Source records:
---

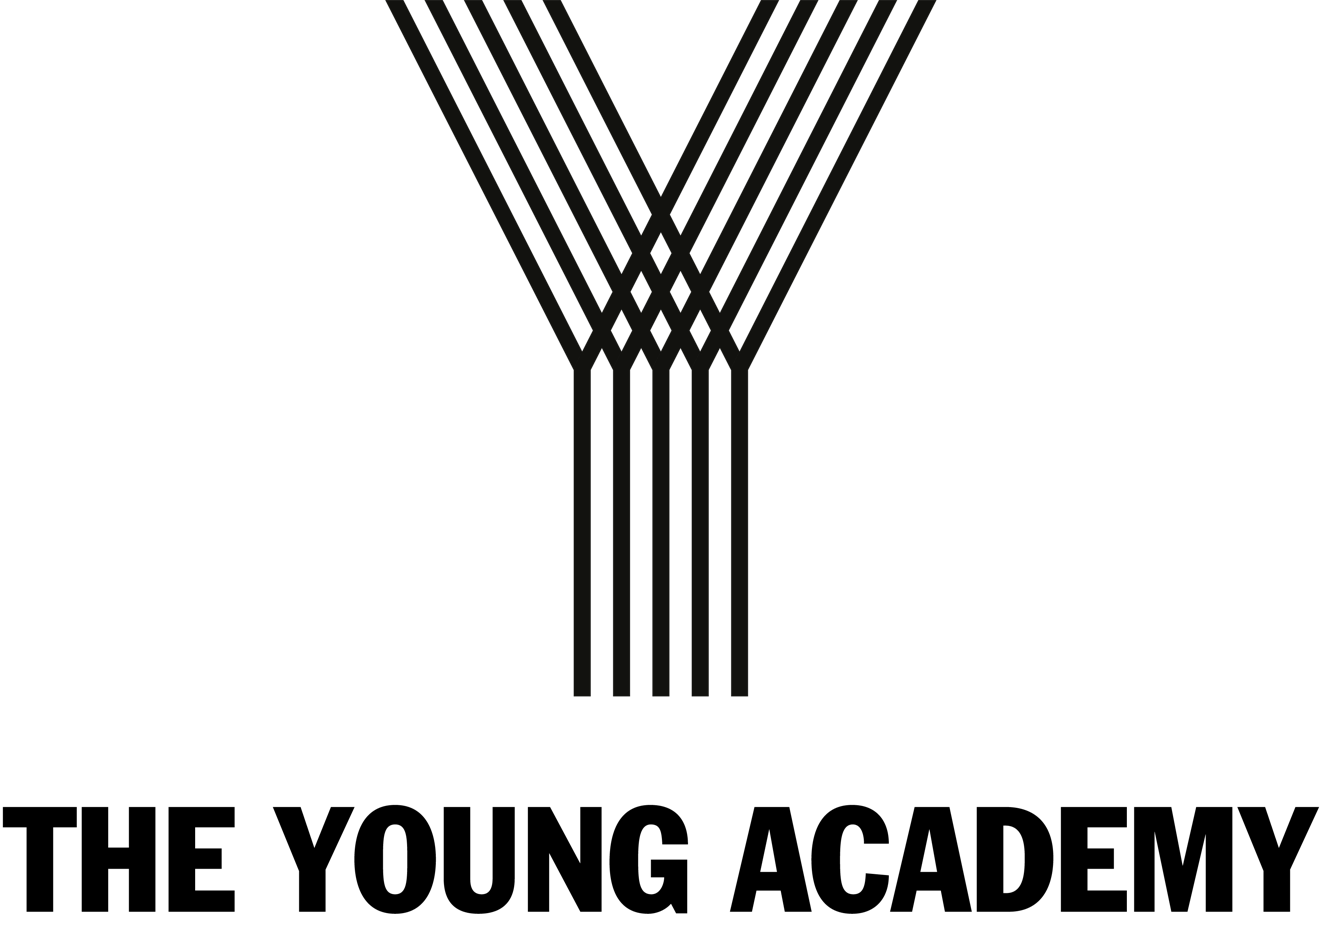 Copy of Copy of YAlogo_transparent.png
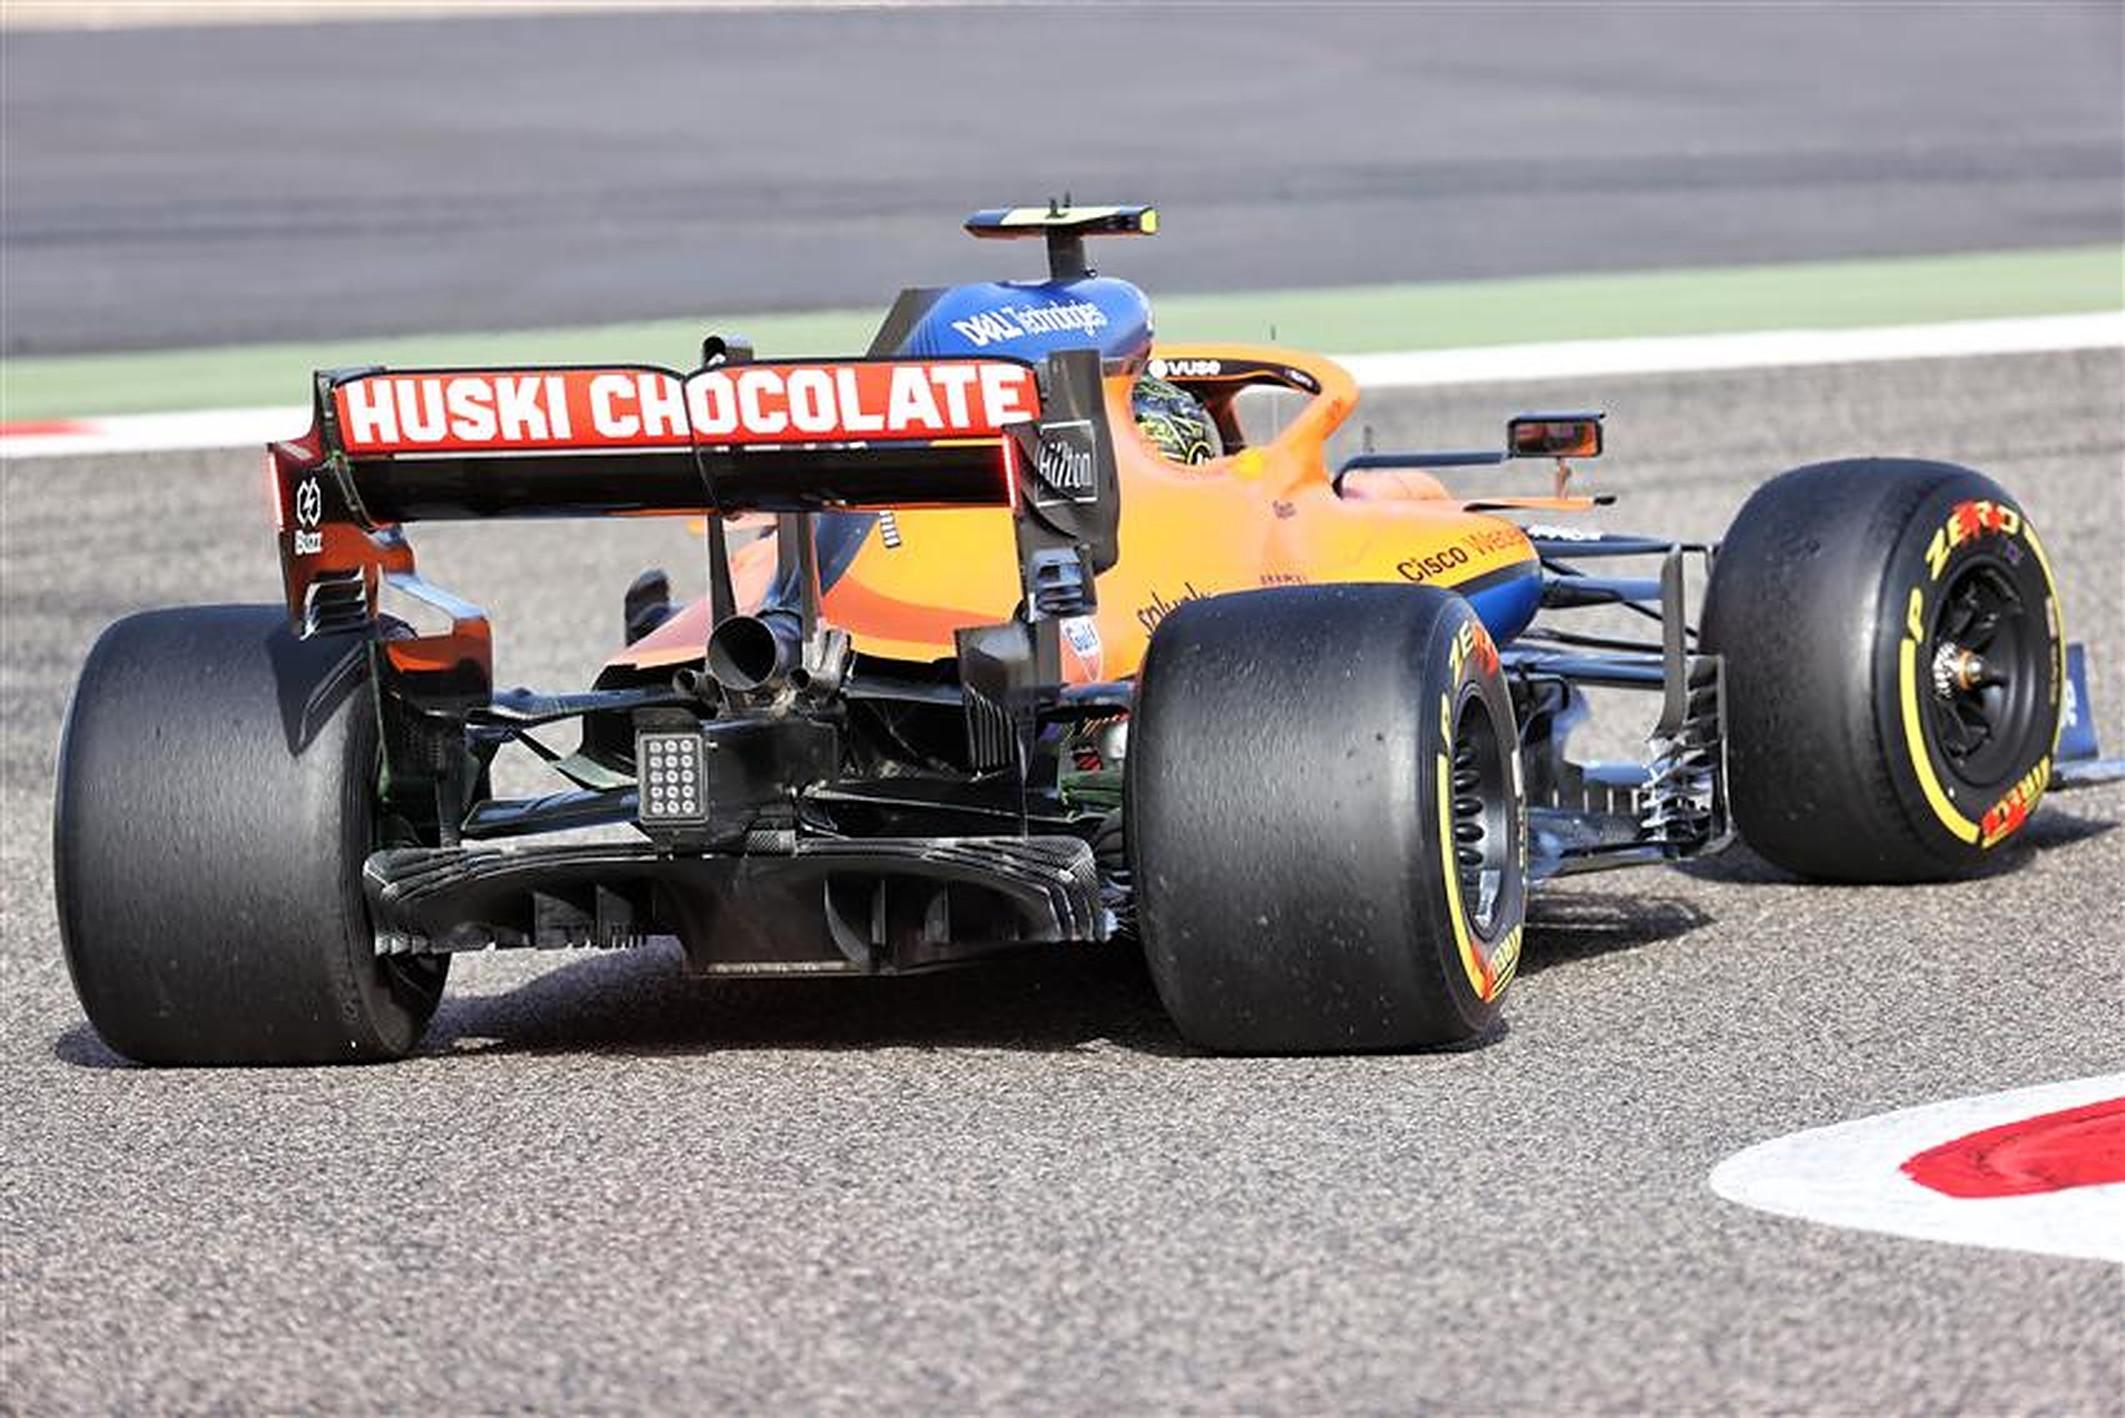 McLaren 2021 car rear diffuser at Bahrain - Formula1news.co.uk
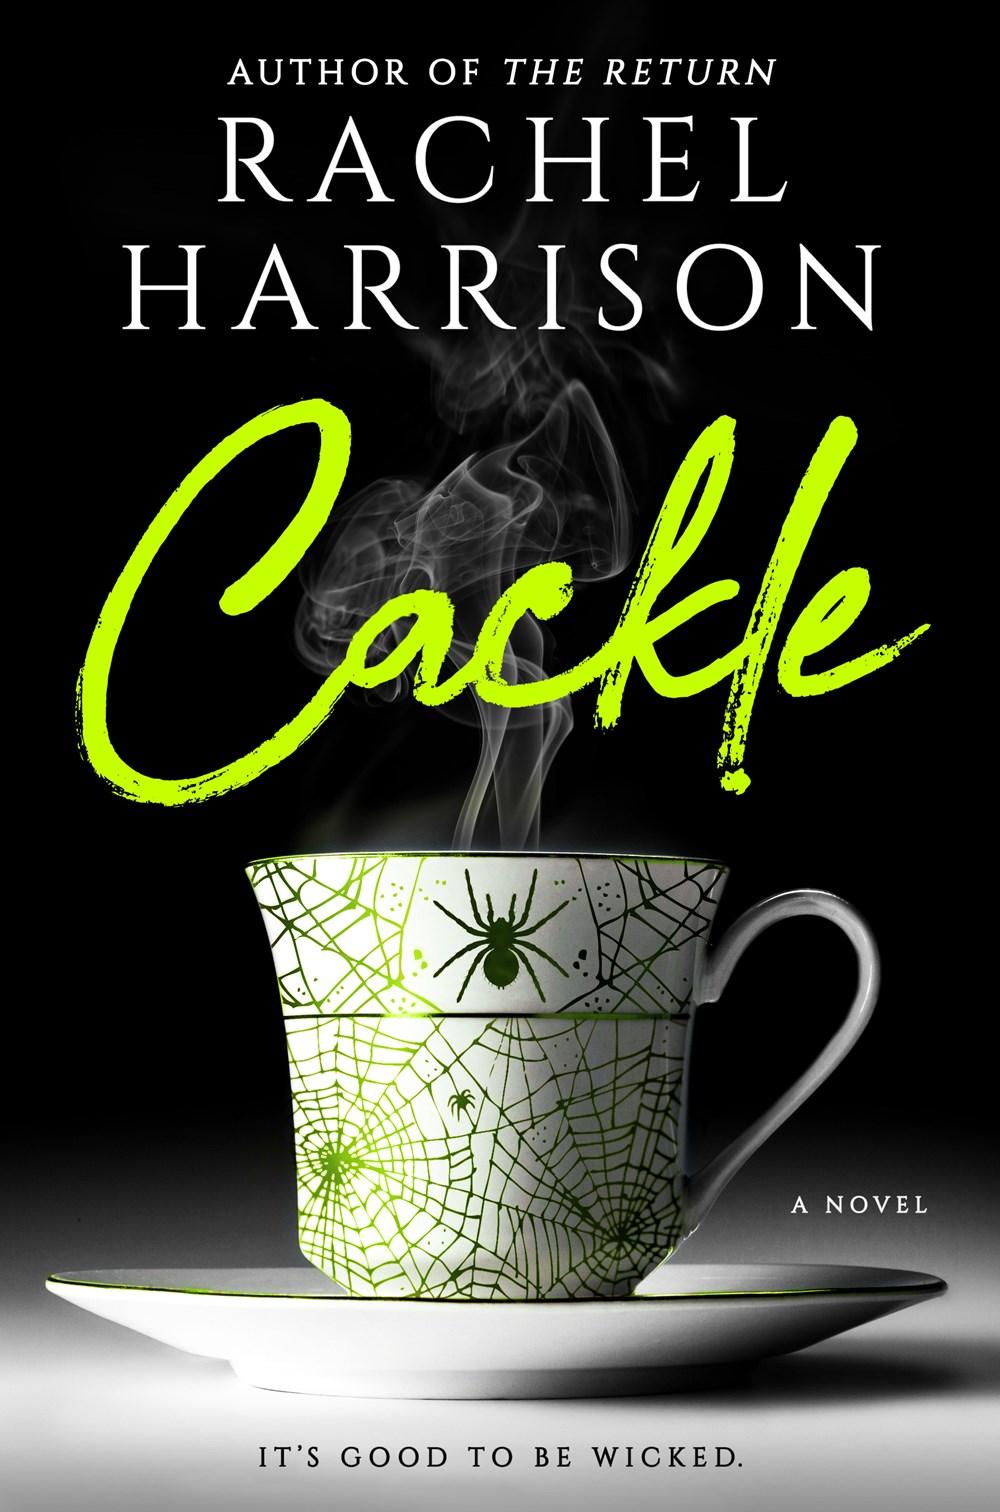 Cackle by Rachel Harrison
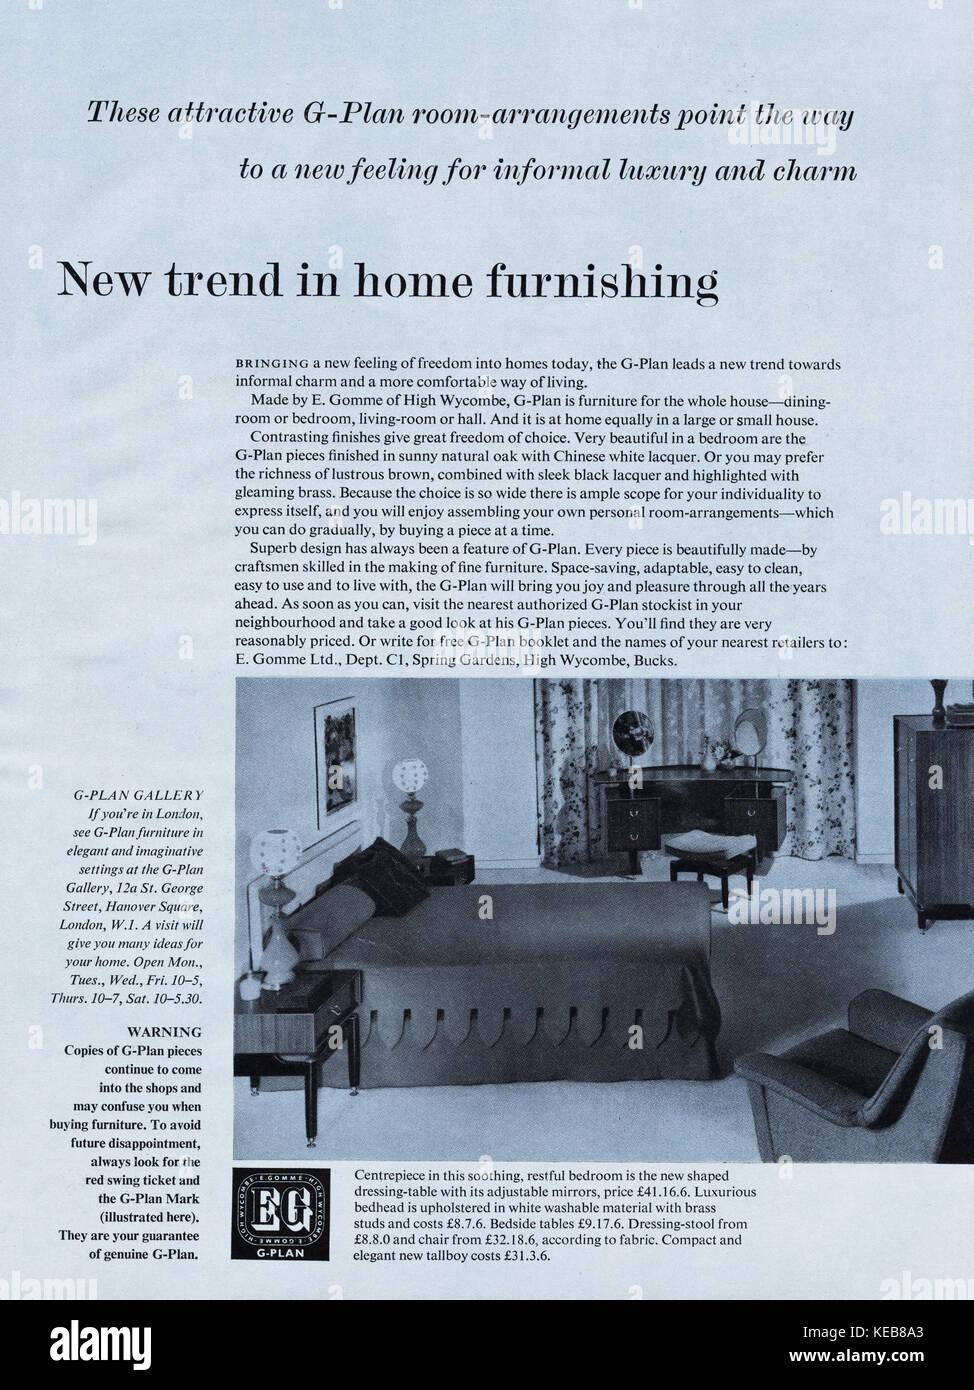 1950s advert old vintage original british magazine advertisement advertising G-Plan furniture dated 1958 - Stock Image
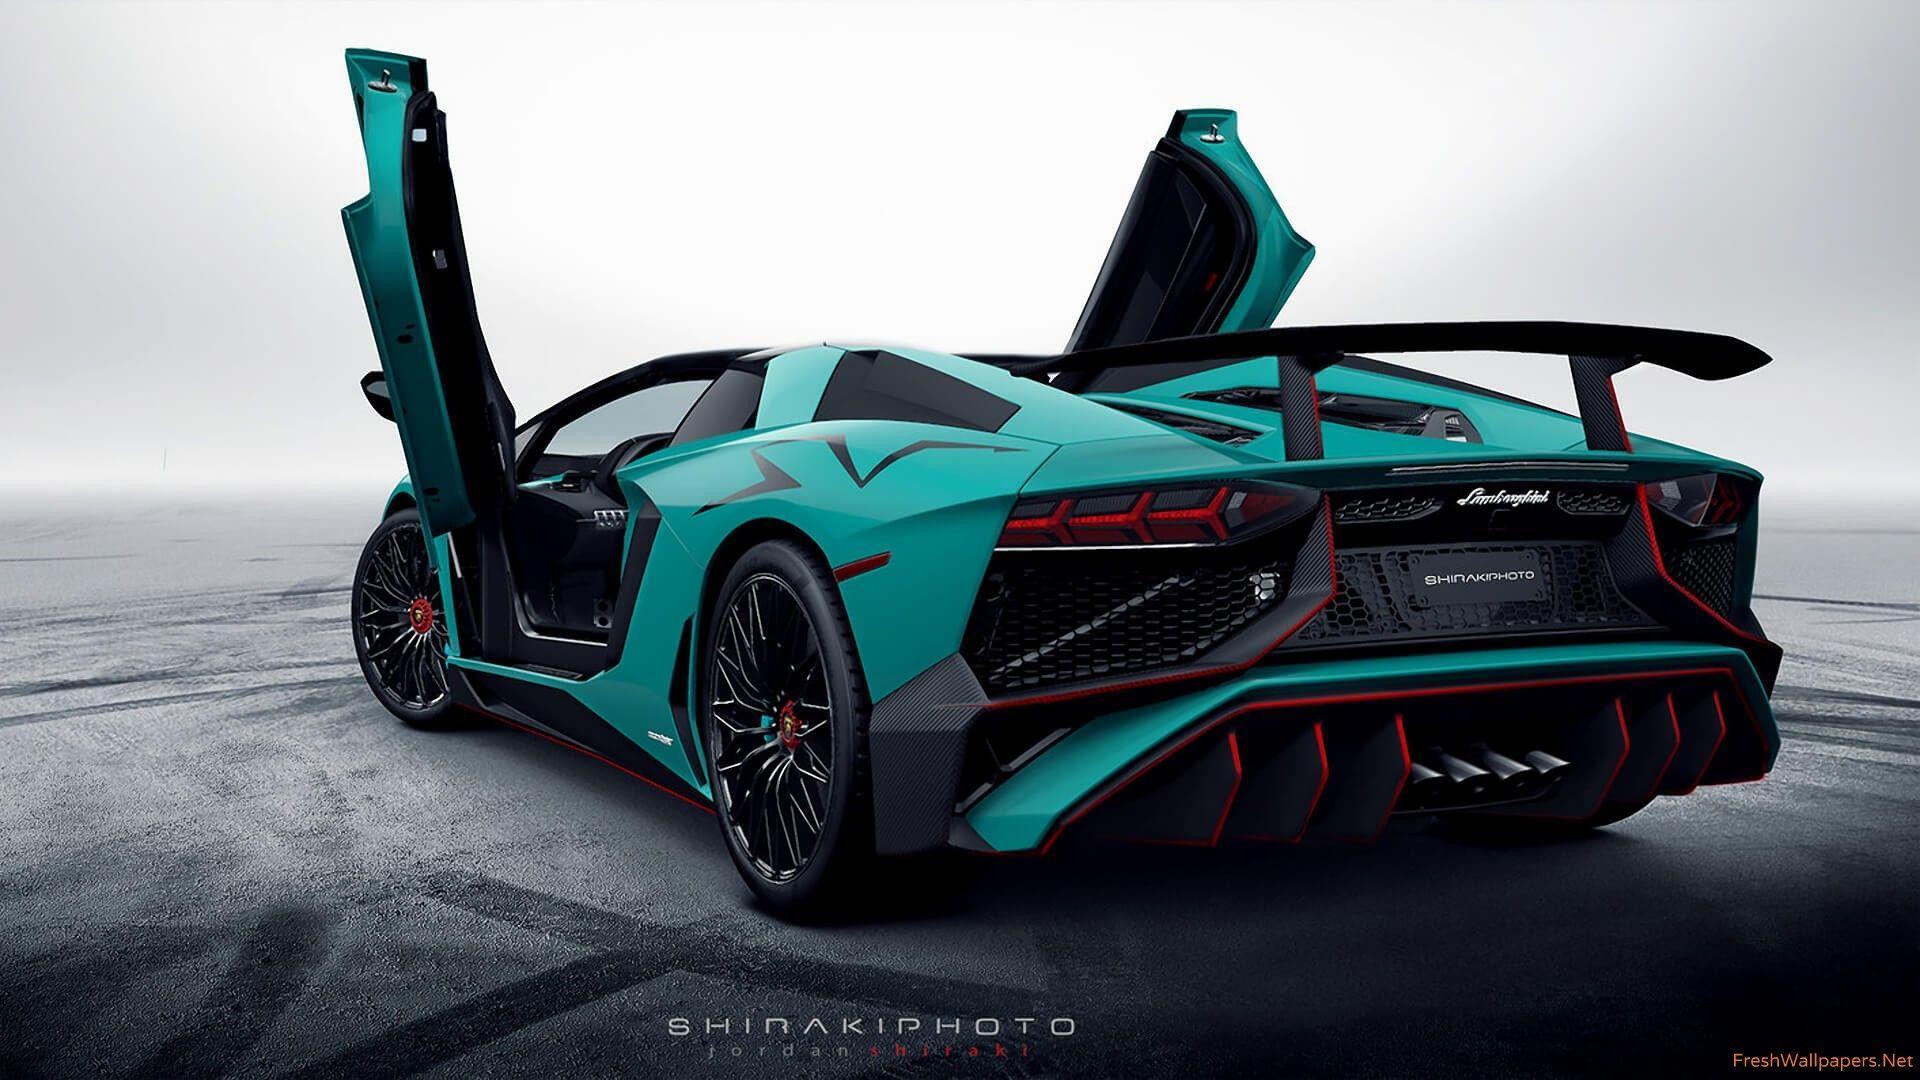 Lamborghini Aventador Sv Wallpapers Wallpaper Cave

---

# Task requirements
Return only the lines from the line containing "1950s advert old" through the last line of the records above, both ends included, exactly as written, leaving pictures out.

# Response to this exercise
 1950s advert old vintage original british magazine advertisement advertising G-Plan furniture dated 1958 - Stock Image
 Lamborghini Aventador Sv Wallpapers Wallpaper Cave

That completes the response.